A better option is that CLARA provides a wrapper script that will set up everything correctly, and only requires what orchestrator to start.
Potentially:
$ run-orchestrator <orchestrator> $ run-orchestrator <orchestrator> <args> $ run-orchestrator -p <plugin> <orchestrator>
This command could be run directly from the command line, or the orchestrator developer could add that command to a simple script with a descriptive name.
TODO: List the orchestrators in the plugin
info.yaml
file, so the wrapper could receive just the name? Or receive the full classpath (in that case the command should be inside a custom script)?TODO: What about non-plugin single orchestrator? Where should they be installed? Should they have their own
info.yaml
file?TODO: Should orchestrators be allowed to install custom scripts into
$CLARA_HOME/bin
?
WIP
VERY IMPORTANT.
WIP
Currently the entire class loading is handled by using the same classpath for CLARA and all plugins/services, which is roughly like this:
<clara>:<plugin1>:<plugin2>:...:<services>
This creates all sort of problems when multiple plugins are involved and different versions of dependencies are required.
A new classloader must be created each time a service is deployed.

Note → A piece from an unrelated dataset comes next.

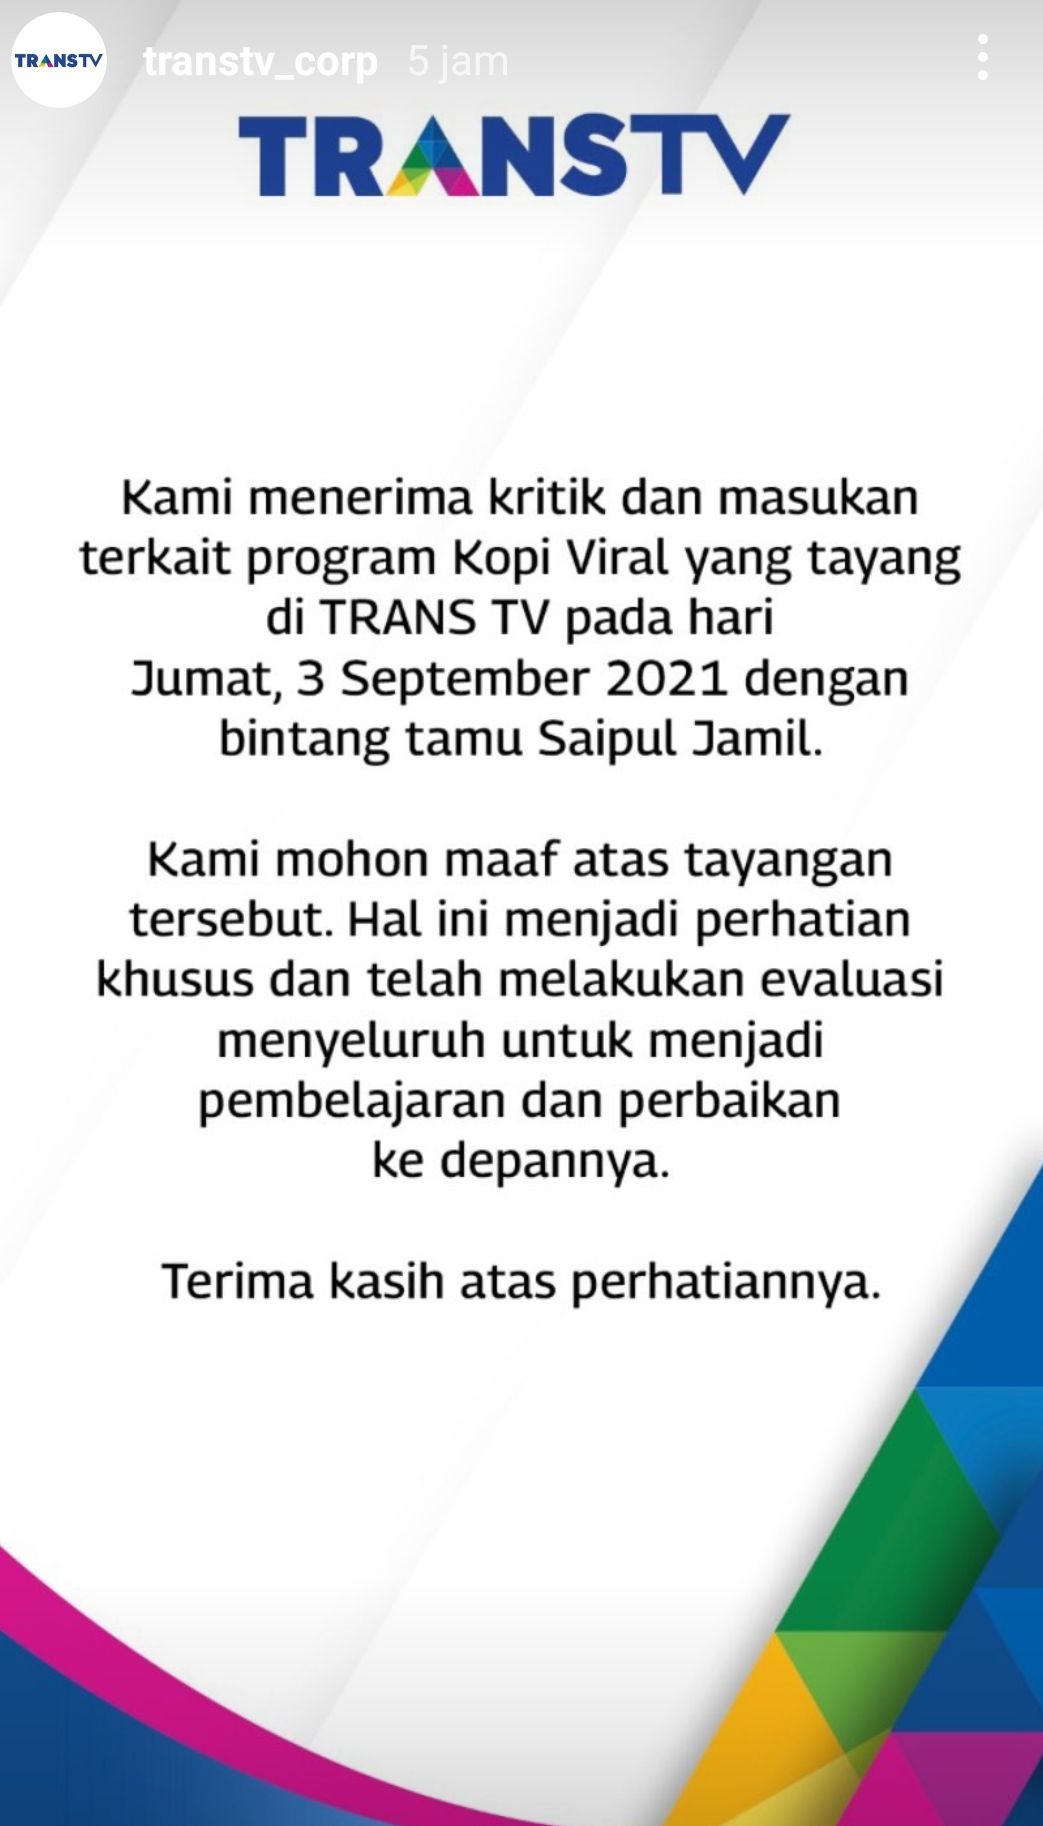 Tangakapan layar permohonan maaf Trans TV tentang hadirnya Saipul Jamil di acara Kopi Viral

This classloader should only use paths related to the service/plugin:
$CLARA_HOME/plugins/<plugin>/services/<service>/classes
$CLARA_HOME/plugins/<plugin>/services/<service>/lib
-
$CLARA_HOME/plugins/<plugin>/services
(legacy directory) $CLARA_HOME/plugins/<plugin>/lib
- Plugin-defined custom directories inside
$CLARA_HOME/plugins/plugin
. -
$CLARA_HOME/lib
(forEngine
andEngineData
) (*)
In the case of individual services
(installed into $CLARA_HOME/services
directory)
it could be:
$CLARA_HOME/services/<service>/classes
$CLARA_HOME/services/<service>/lib
-
$CLARA_HOME/lib
(forEngine
andEngineData
) (*)
Since CLAS loves to have their own directory layout
(which requires us to support those paths directly when launching the DPE)
there should be a configuration key inside info.yaml
that list the directories inside the plugin that must be added to the classpath
(and clean j_dpe
from CLAS specific paths):
# info.yaml
plugin:
classpath:
- core
- clas
But in general, a common directory layout should be recommended.
TODO (*): CLARA jars and dependencies are all together inside $CLARA_HOME/lib
.
Maybe separate them between public and private?